Complete Response/Remission Rate By Treatment Group

Low Dose	Medium	High Dose	Total
(100M)	Dose (300M)	(800M)	NLA101	SOC
(N = 37)	(N = 38)	(N = 35)	(N = 110)	(N = 36)
n (%)	n (%)	n (%)	n (%)	n (%)

Number with Assessment

CR	18 (60.0%)	25	(78.1%)	22 (62.9%)	65 (67.0%)	12 (40.0%)
Not CR	12 (40.0%)	7	(21.9%)	13 (37.1%)	32 (33.0%)	18 (60.0%)

p-value vs SOC*	0.1247	0.0024	0.0703	0.0086	N/A

Note:
CR = Morphologic CR, Cytogenetic CR, Molecular CR, or CR with incomplete blood count recovery (CRi);
Not CR = Morphologic leukemia-free state, Partial remission/response, Early Assessment, Treatment Failure
*p-values from a CMH test stratified by geographical region.

Overall dilanubicel was generally well tolerated with a dose dependent increase in related events, although overall incidence of safety events in the High Dose arm was only modestly higher than in the SOC arm. The most common adverse events assessed as related to dilanubicel were fever/febrile neutropenia, infusion reactions, and inflammatory signs and symptoms. The occurrence of death in the study was not elevated in any expanded stem cell product arm compared to the SOC arm. The DSMB monitored safety throughout the study and raised no safety concerns. The numerically favorable CR rates in each treatment arm compared to the SOC arm was unexpected.

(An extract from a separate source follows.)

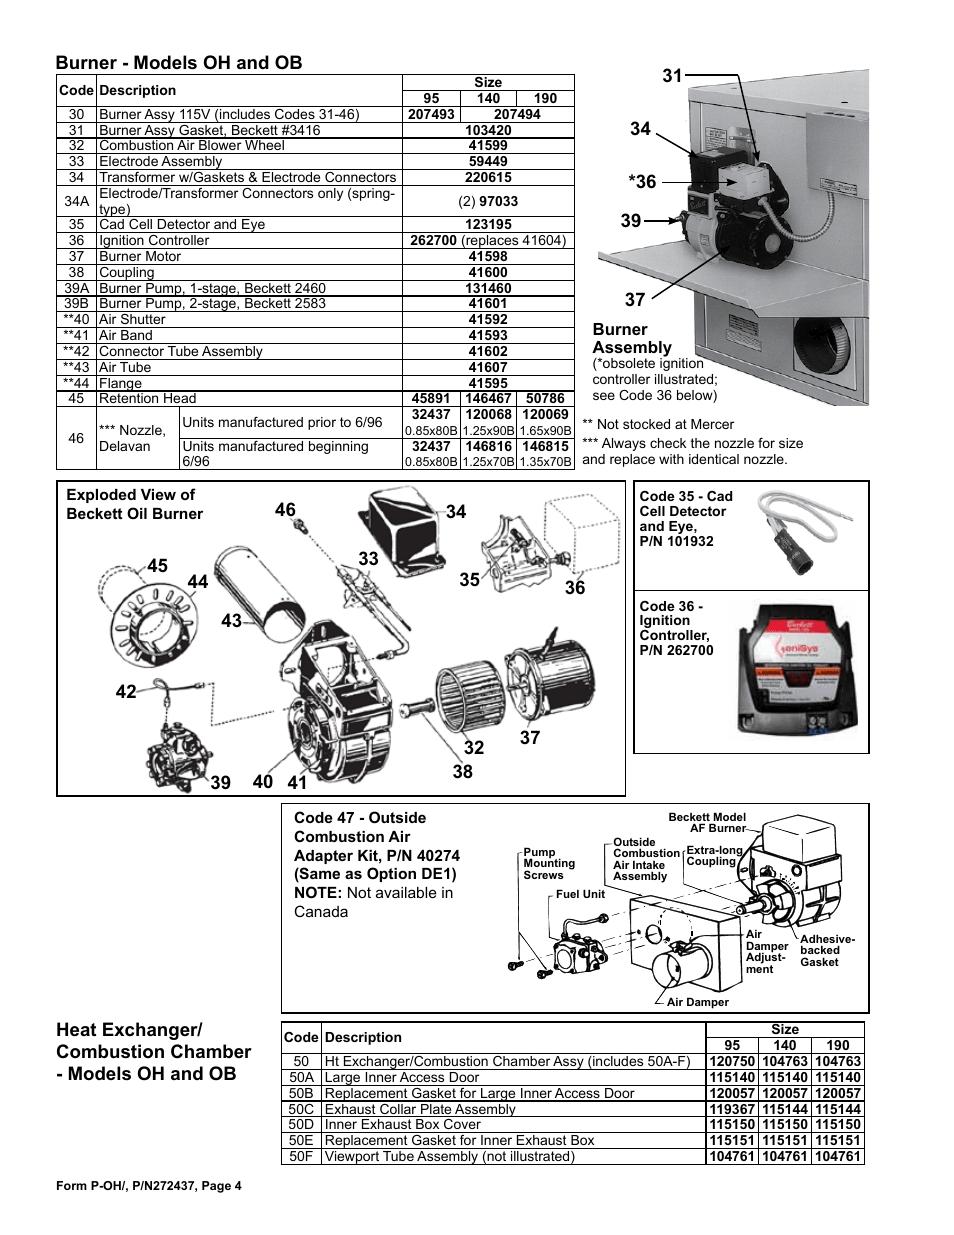 Reznor Gas Fired Heater Wiring Diagram Mini Usb Wiring
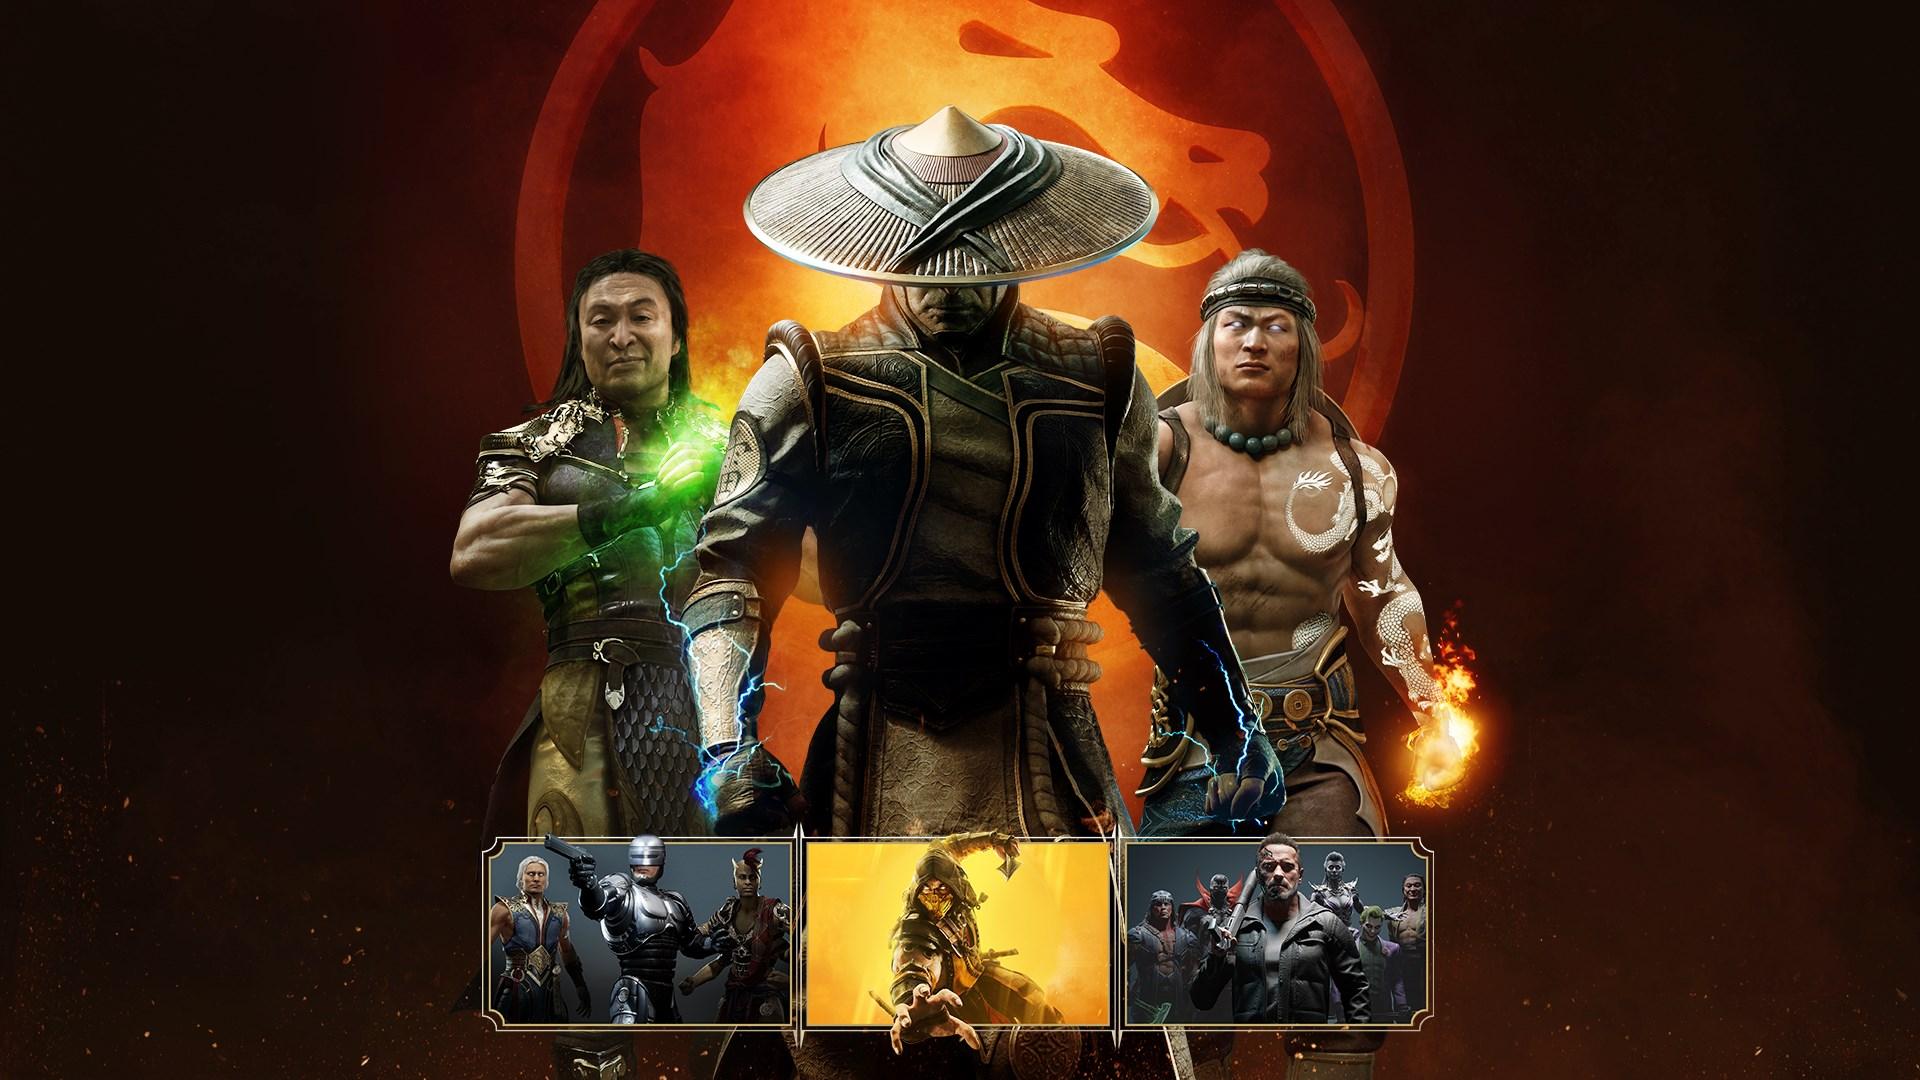 Открылся предзаказ на Mortal Kombat 11: Aftermath

Example 4: Treatment of Patients Having a Hematological Malignancy with an Expanded Stem Cell Product

Patients having a hematological malignancy and undergoing intense chemotherapy regimen are treated with standard of care (SOC) plus low, medium, or high dose dilanubicel (100×10⁶, 300×10⁶, or 800×10⁶CD34+ cells, respectively). Dilanubicel is administered after each cycle of the chemotherapy. The patients are followed per standard practice and the best overall response rate of complete remission (CR) (including morphologic CR, cytogenetic CR, molecular Cr or CRi) versus Not CR (all other non-CR response assessments) is assessed over the course of the study.

The present invention is not to be limited in scope by the specific embodiments described herein. Indeed, various modifications of the invention in addition to those described herein will become apparent to those skilled in the art from the foregoing description and accompanying figures. Such modifications are intended to fall within the scope of the appended claims.

Various publications, including patents, patent application publications, and scientific literature, are cited herein, the disclosures of which are incorporated by reference in their entireties for all purposes.